Der Druckschalter als Wächter des Kreislaufs

In der Klimaanlage zirkuliert das Kältemittel unter Druck. Auf der Hochdruckseite herrschen nach dem Kompressor deutlich höhere Drücke als auf der Niederdruckseite. Damit das Steuergerät die Anlage sicher regeln kann, braucht es jederzeit einen verlässlichen Messwert für diesen Druck. Diese Aufgabe übernimmt der Druckschalter beziehungsweise – in modernen Fahrzeugen – der analoge Drucksensor.

Bei Mercedes-Benz-Modellen sitzt dieser Sensor in der Hochdruck-Leitung des Kältekreislaufs. Er liefert dem Steuergerät kontinuierlich den anliegenden Druck. Aus diesem einen Wert leitet das Steuergerät mehrere Entscheidungen ab.

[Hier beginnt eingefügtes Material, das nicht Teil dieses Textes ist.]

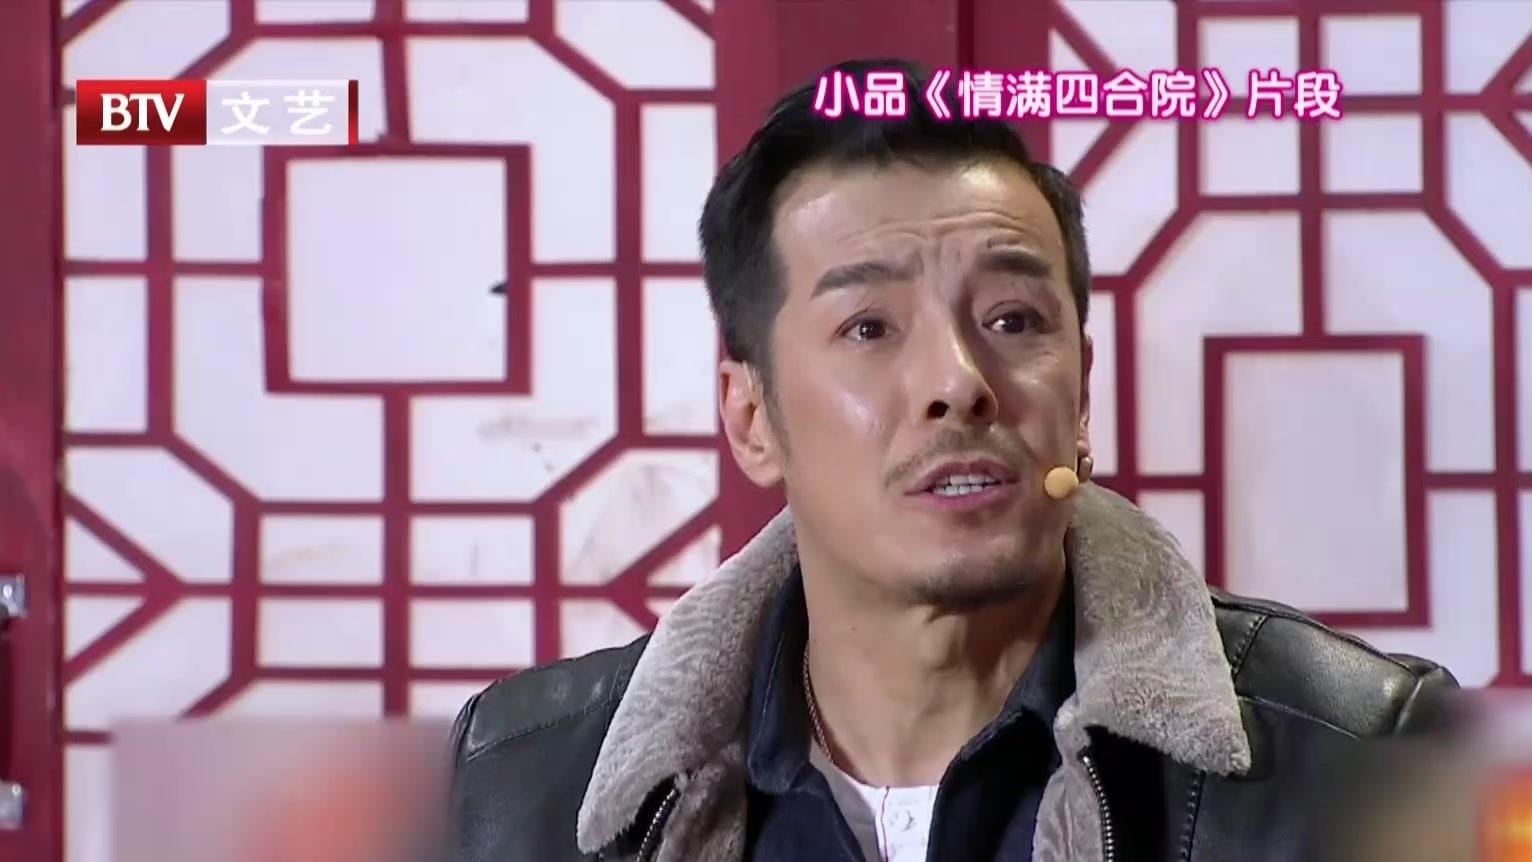 """演员抢滩喜剧界之再相聚:《情满四合院》许大茂""""改邪归正""""?"""

Die Funktion im Regelkreis

Der Drucksensor steht im Zentrum eines kleinen, aber wichtigen Regelkreises. Drei Aufgaben hängen unmittelbar von seinem Signal ab:

  • Kompressor-Freigabe: Nur wenn der Druck im erlaubten Fenster liegt, gibt das Steuergerät die Magnetkupplung beziehungsweise die Stelleinheit des Kompressors frei. Wie diese Freigabe die Kupplung schaltet, beschreiben wir im Beitrag zur Magnetkupplung am Calsonic-Kompressor.
  • Schutz-Abschaltung: Wird der Druck zu hoch, schaltet das Steuergerät den Kompressor ab, um Leitungen und Bauteile zu schützen. Wird der Druck zu niedrig – etwa bei Kältemittel-Mangel – wird der Kompressor ebenfalls nicht eingekuppelt, um Mangelschmierung zu vermeiden.
  • Lüfter-Ansteuerung: Steigt der Hochdruck beim Kühlen, fordert das Steuergerät über den Drucksensor-Wert eine höhere Drehzahl des Kühler-Lüfters an, damit der Kondensator das Kältemittel ausreichend abkühlt.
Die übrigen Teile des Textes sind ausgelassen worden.